## YOUR OBJECTIVE
Drop all images. Then write out each line below exactly as given.

## DATA PROVIDED
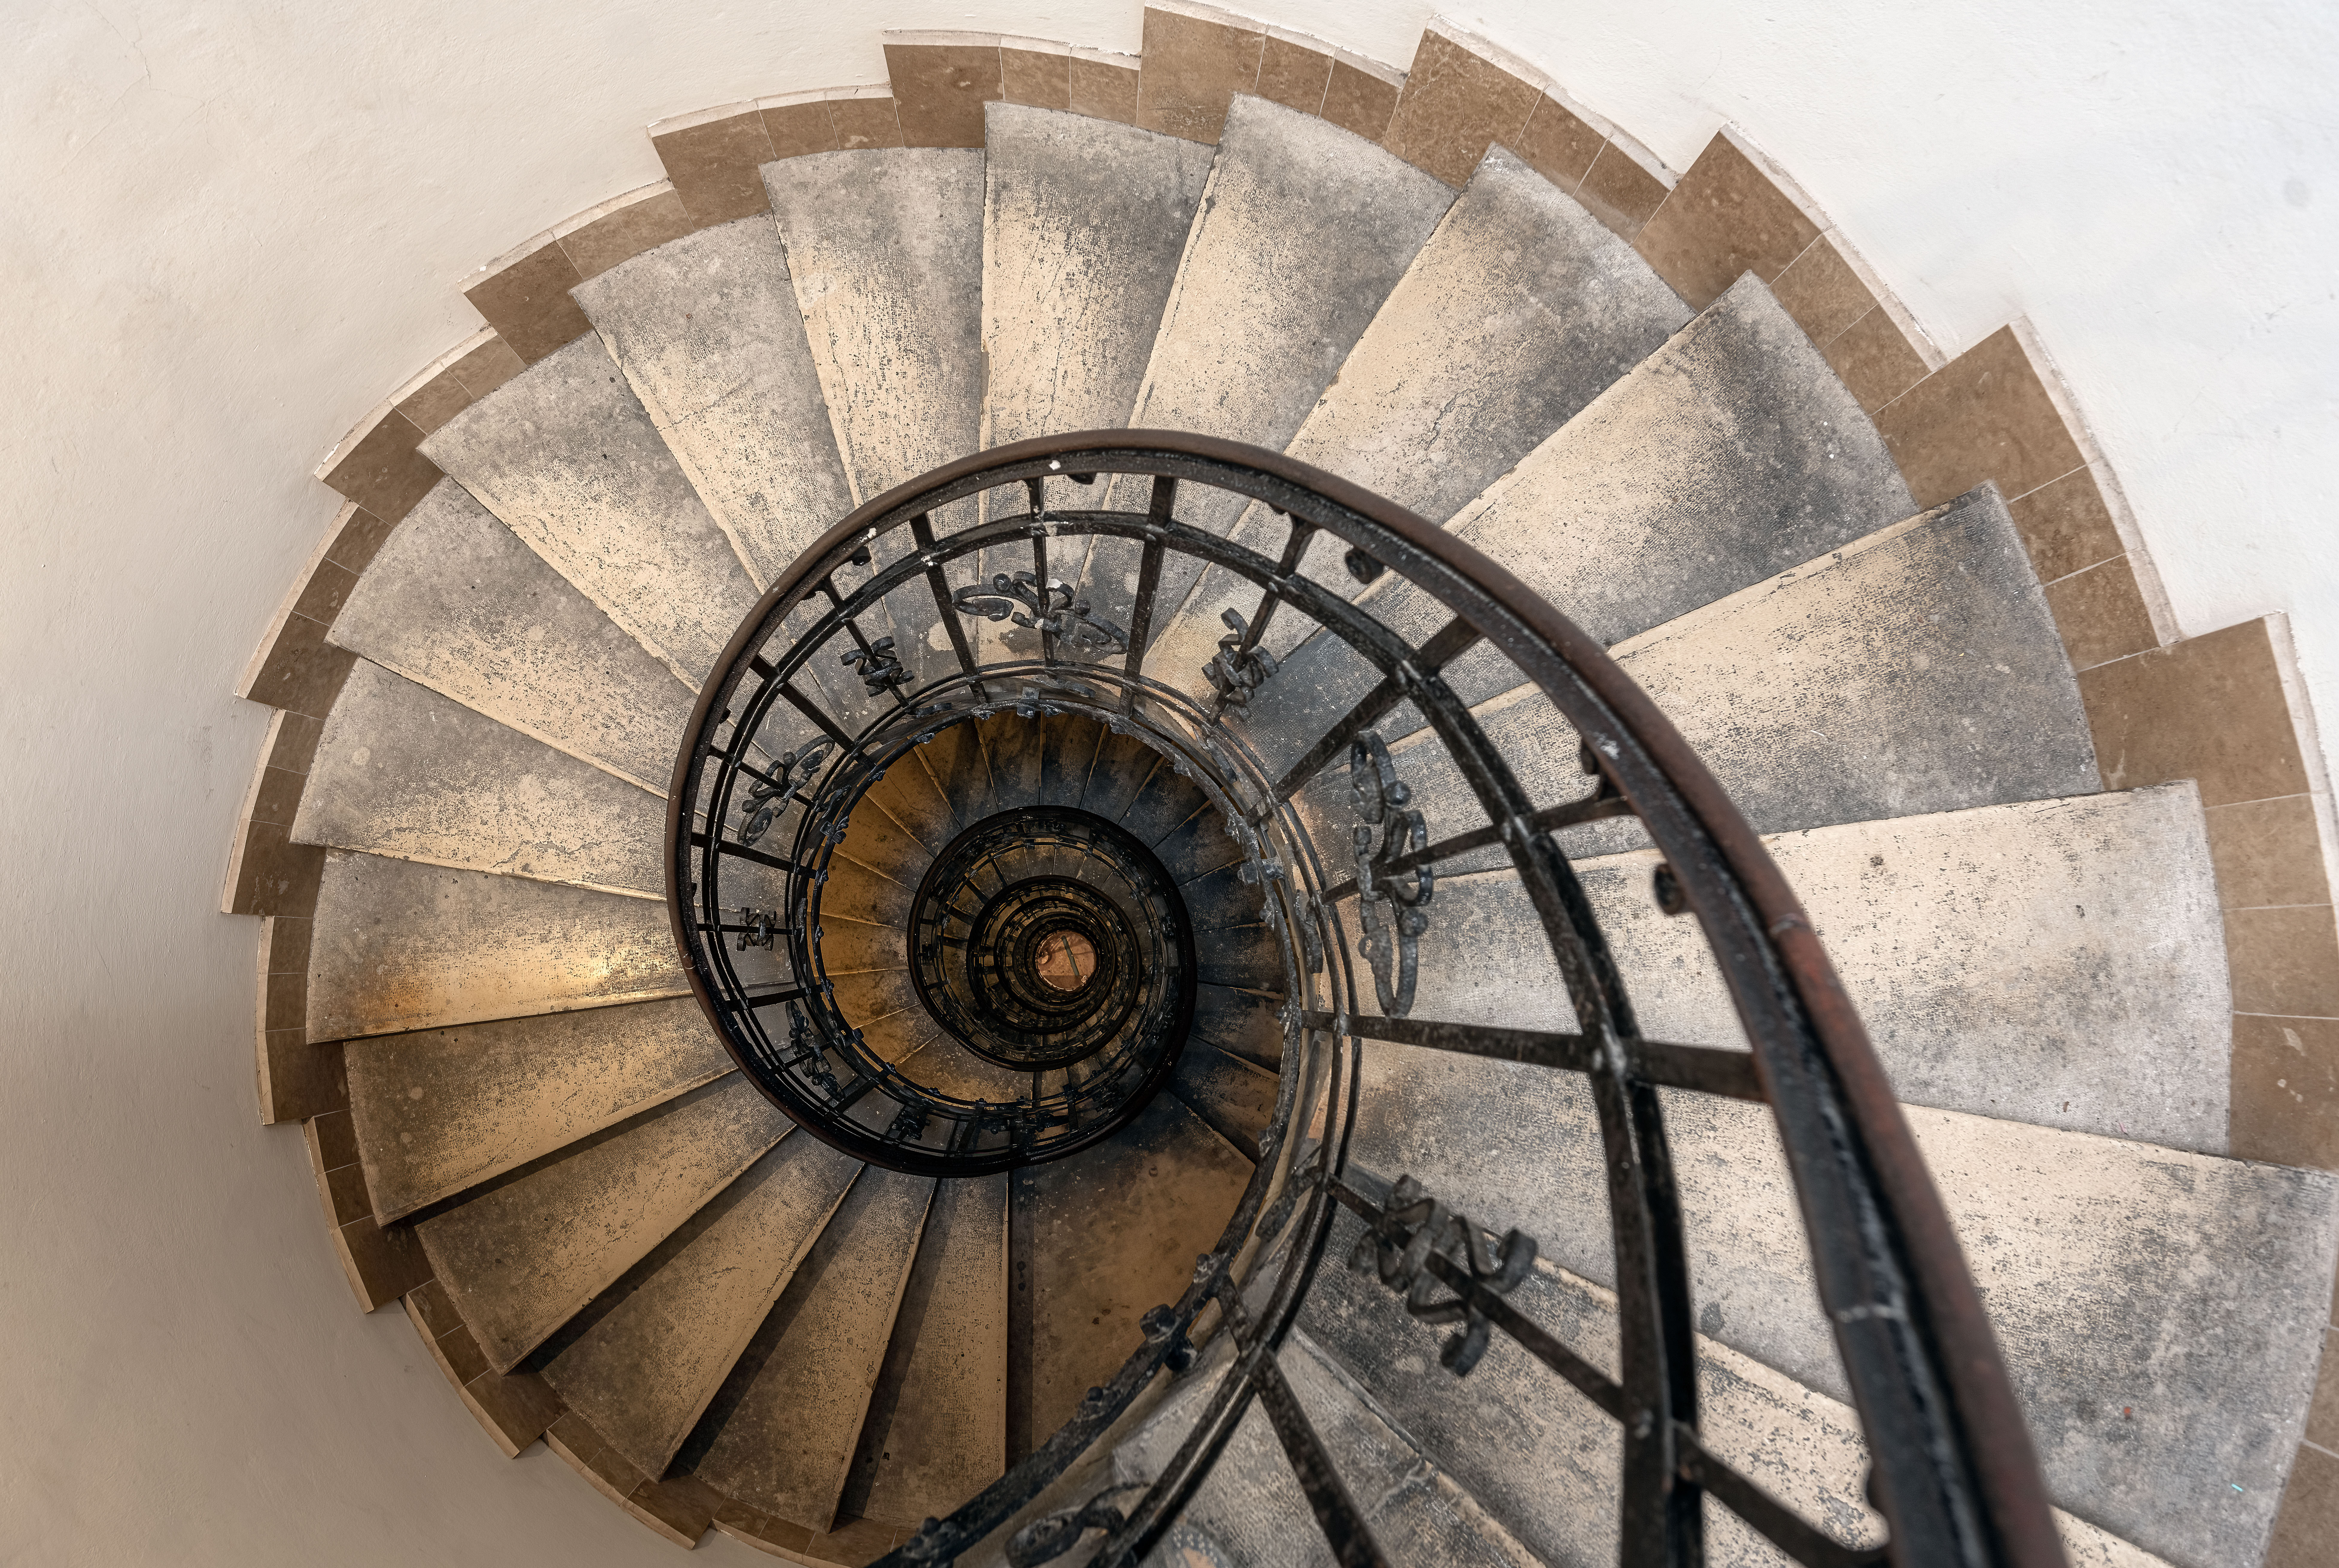 The spiral staircase to reach the roof of St Stephens Basilica
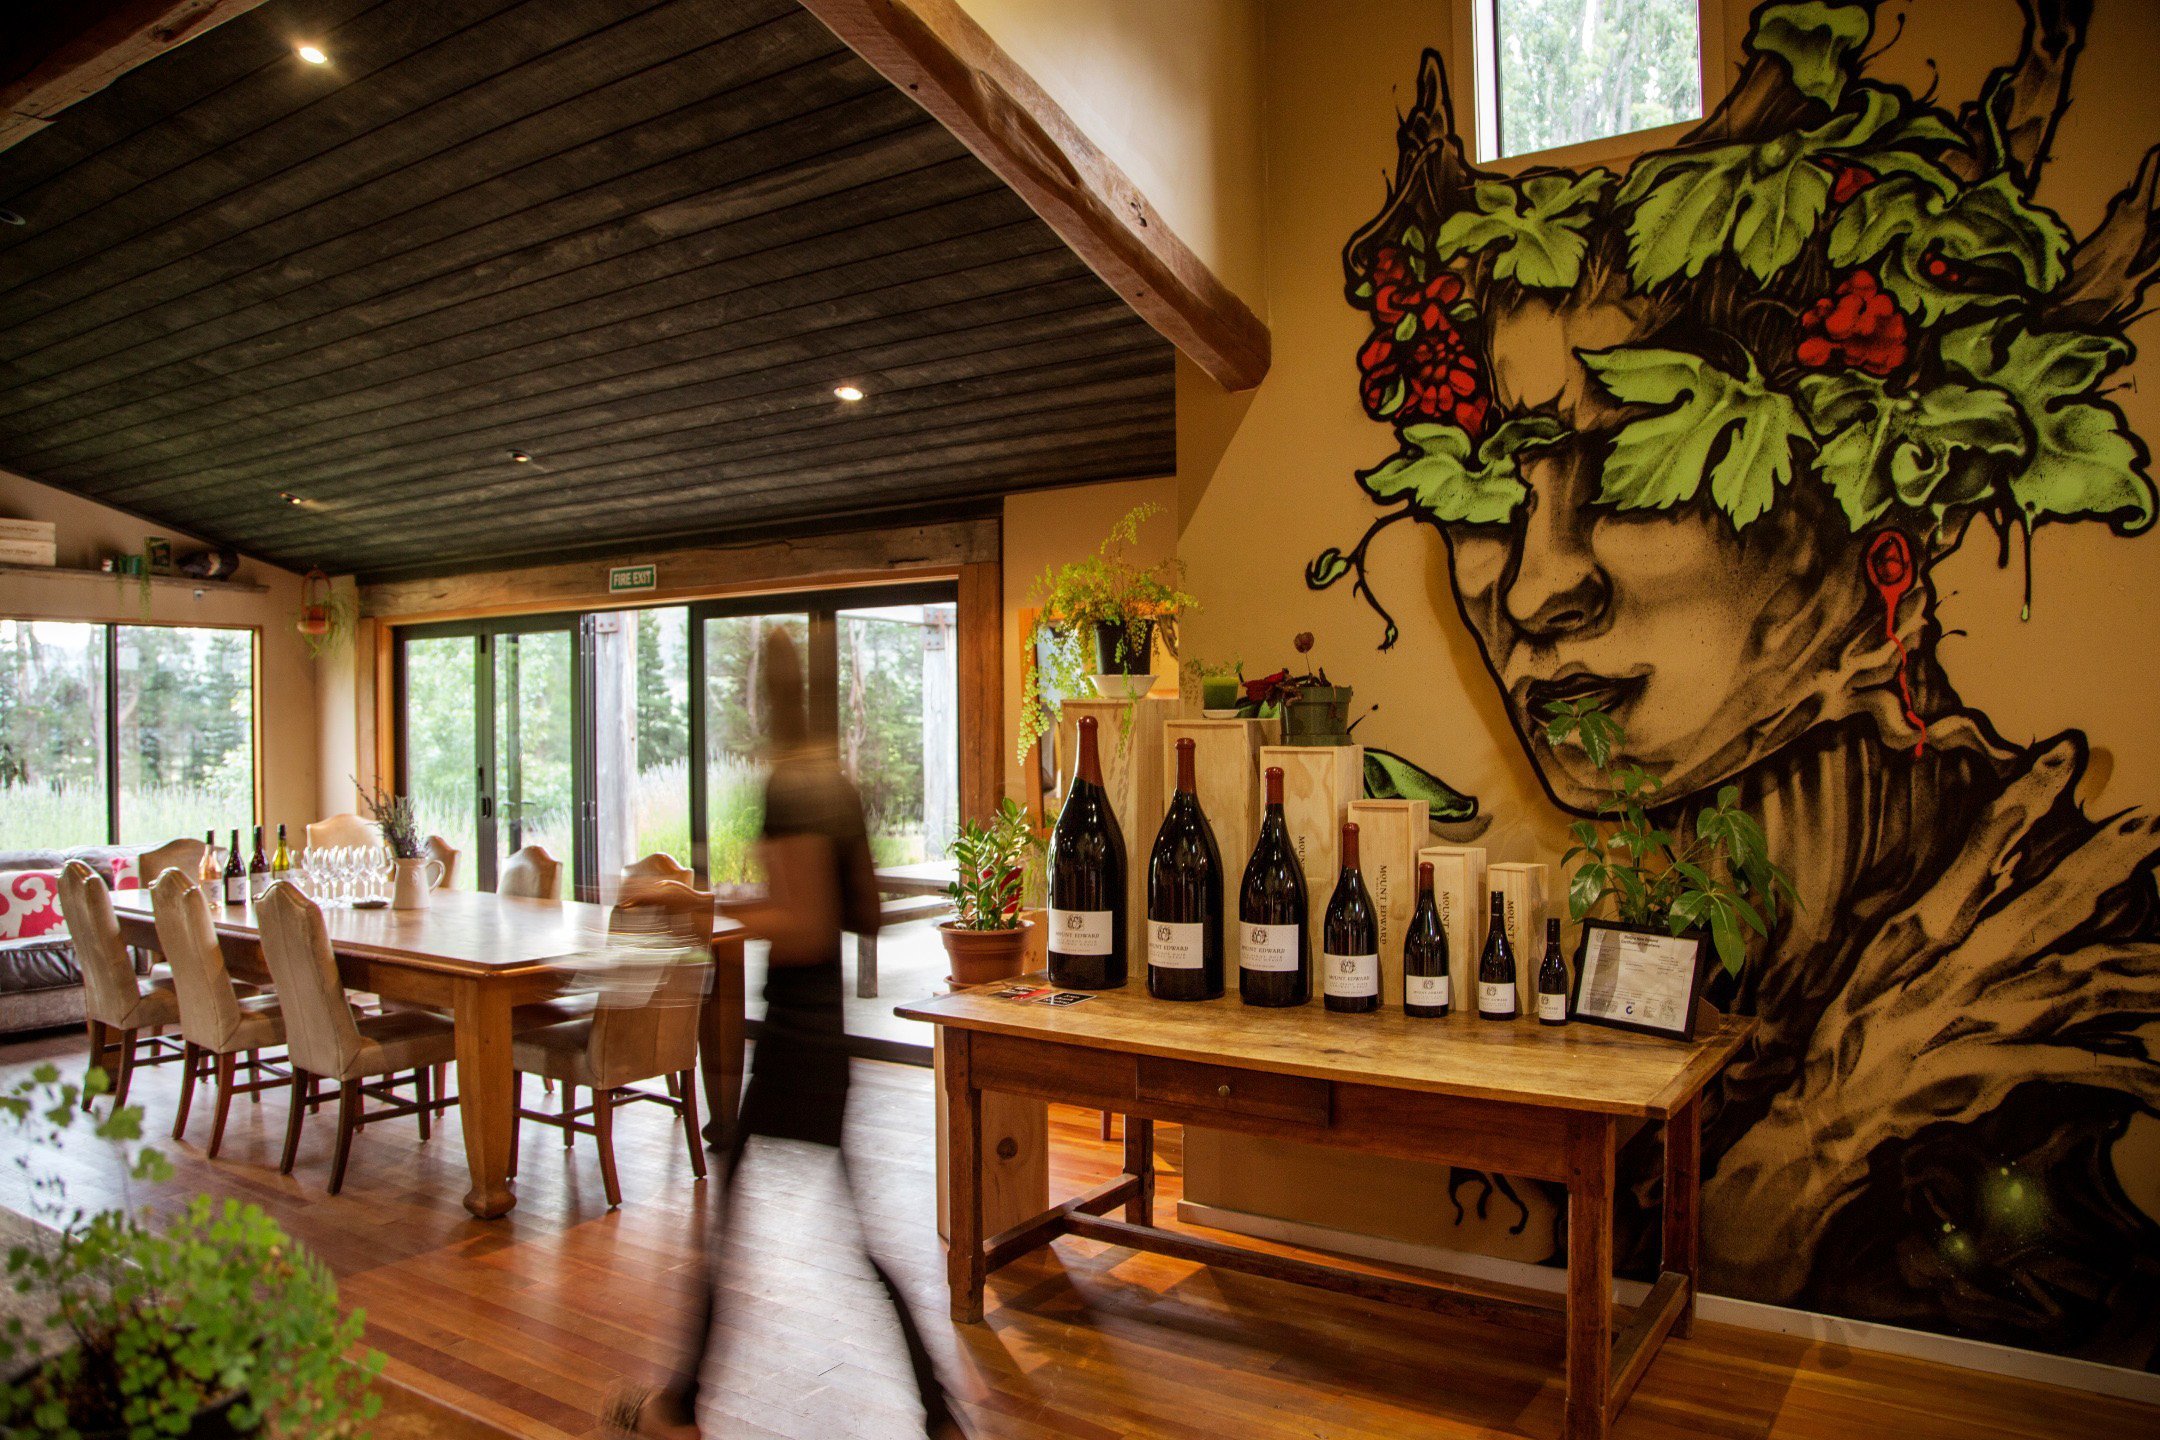 As well as offering an excellent range of wines, Mount Edward’s Gibbston winery also showcases...
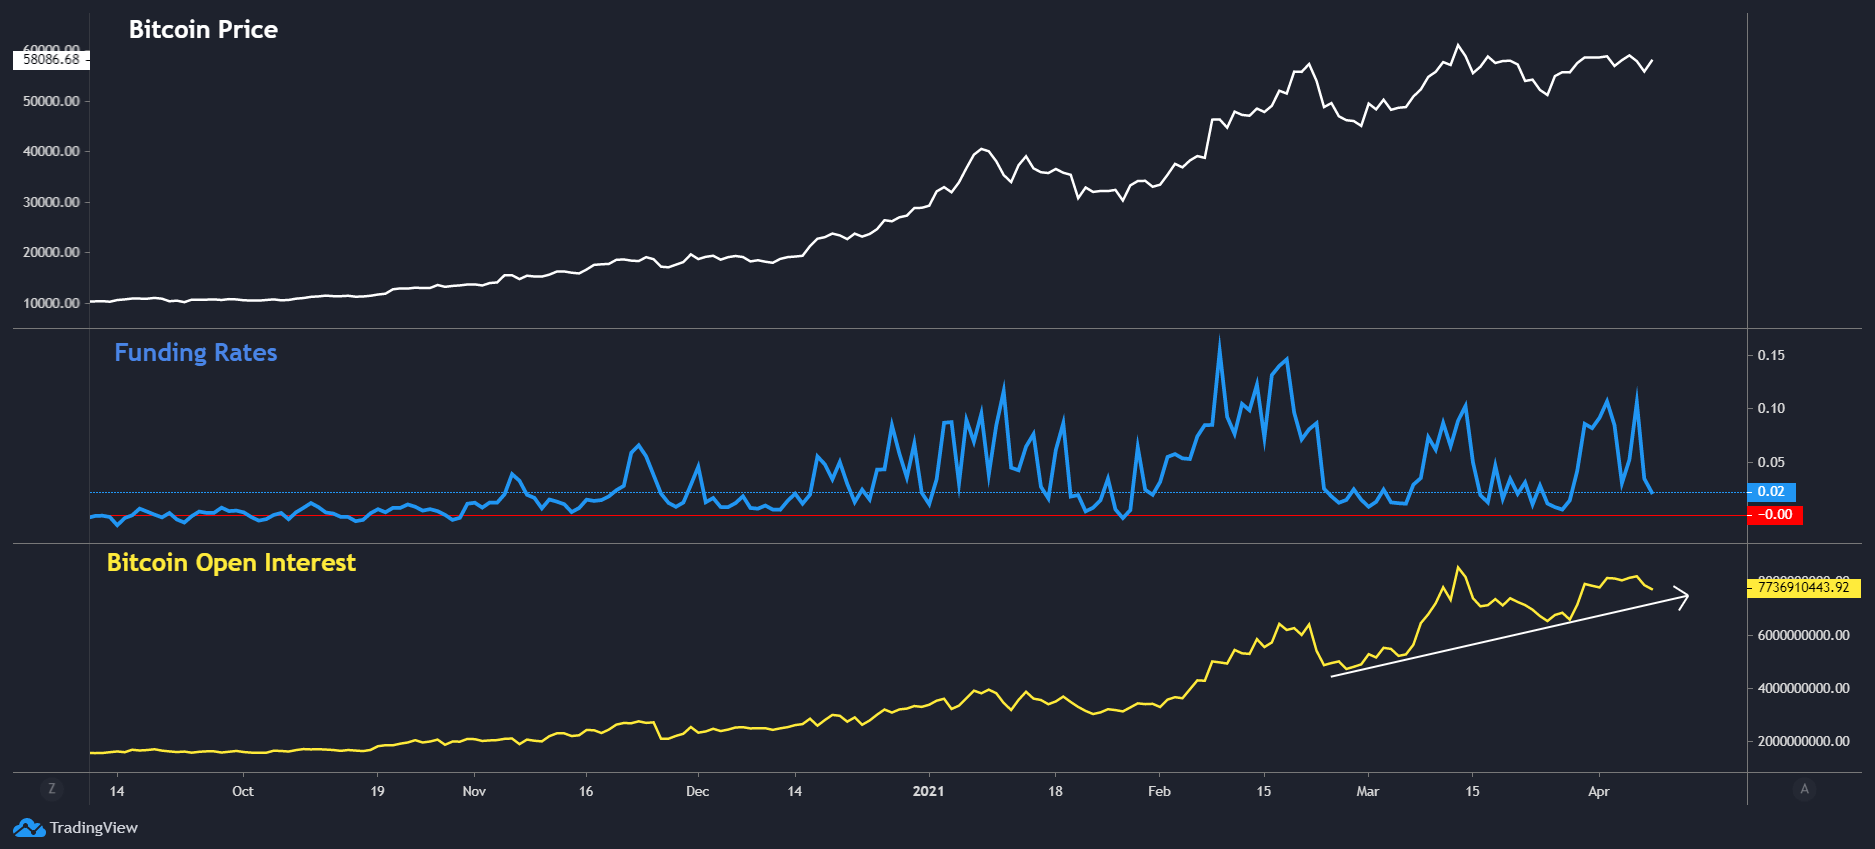 Bitcoin Open Interest and Funding rate chart

## SOLUTION FOR THIS TASK
 The spiral staircase to reach the roof of St Stephens Basilica
 As well as offering an excellent range of wines, Mount Edward’s Gibbston winery also showcases...
 Bitcoin Open Interest and Funding rate chart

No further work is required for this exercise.